Sometimes we cannot solve an equation exactly. If we cannot solve an equation exactly we may be able to solve it approximately using iteration.

Example: Solve the equation

\[x^2-3x+1=0\]

We can rearrange this equation.

\[x^2-3x+1=0 \rightarrow x^2=3x-1 \rightarrow x=\sqrt{3x-1}\]
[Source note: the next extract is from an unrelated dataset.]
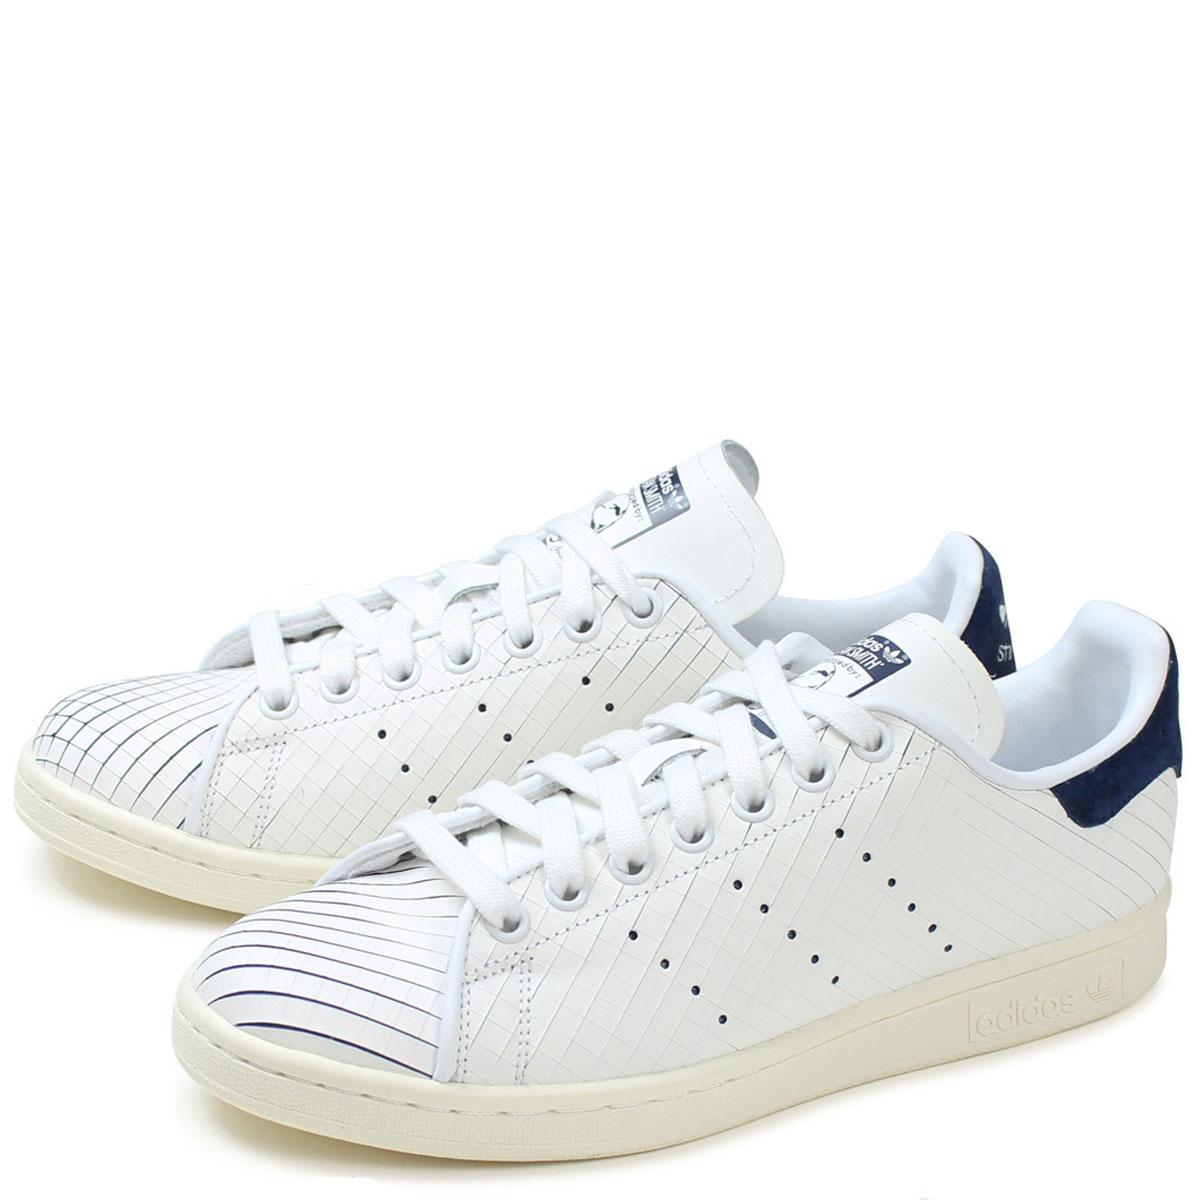 new arrival f4d76 aea92 Adidas originals adidas Originals SUPERSTAR 2 sneakers Super Star 2 leather  mens G17068 WHITE BLACK White x black  regular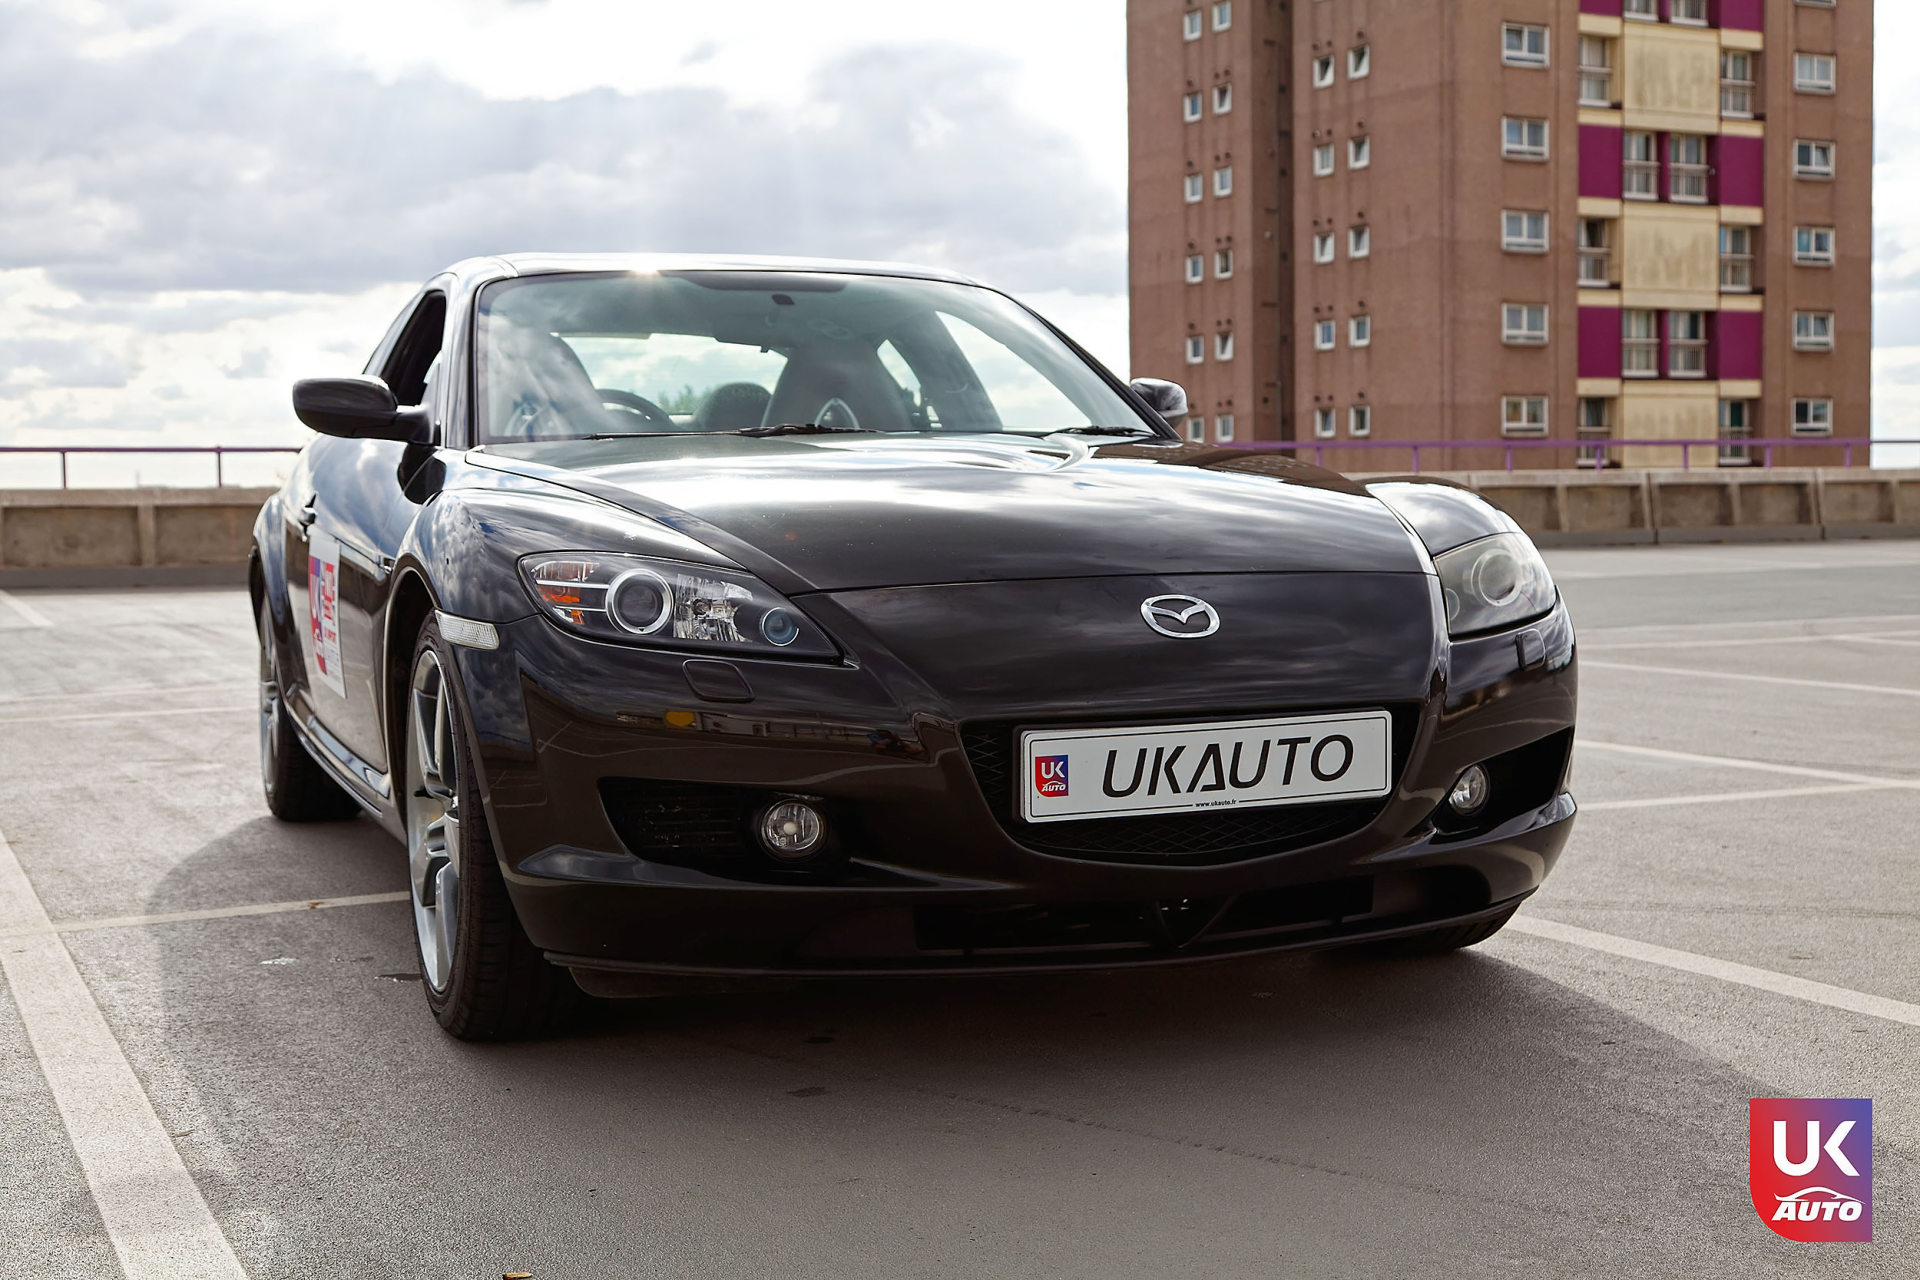 Mazda RX8 Rotary mazda angleterre mazda uk RX8 KURO import uk rhd1 DxO - Import Mazda RX8 KURO ROTARY depuis Autotrader par UKAUTO site annonces UK rhd Felicitation a Dimitri

From this we can get the iteration rule

\[x_{n+1}= \sqrt{3x_n-1}\]

If we take

\[x_0=1\]

then \[x_1=\sqrt{3 \times -1}=1.414\]

to 3 decimal places. Continuing in this way, we have the table below.
\[n\] |
\[x_n\] |
\[x_{n+1}=\sqrt{3x_n-1}\] |

0 | 1 | 1.414 |

1 | 1.414 | 1.801 |

2 | 1.801 | 2.098 |

3 | 2.098 | 2.301 |

4 | 2.301 | 2.430 |

5 | 2.430 | 2.508 |

6 | 2.508 | 2.594 |

7 | 2.594 | 2.581 |

8 | 2.581 | 2.597 |

We could go on. The iterates seem to be getting closer together. In fact because the original equation is a quadratic we can solve it exactly.

\[x= \frac{3 \pm \sqrt{(-3)^2-4 \times 1 \times 1}}{2 \times 1} = \frac{3 \pm \sqrt{5}}{2} = 2.618\]

or \[0.382\]

The iteration is converging to the first of this. An iteration can only converge to one solution at a time, and iteration is not guaranteed. The solution that the the iterations converge to may be different if the original equation is rearranged to give a different iteration formula.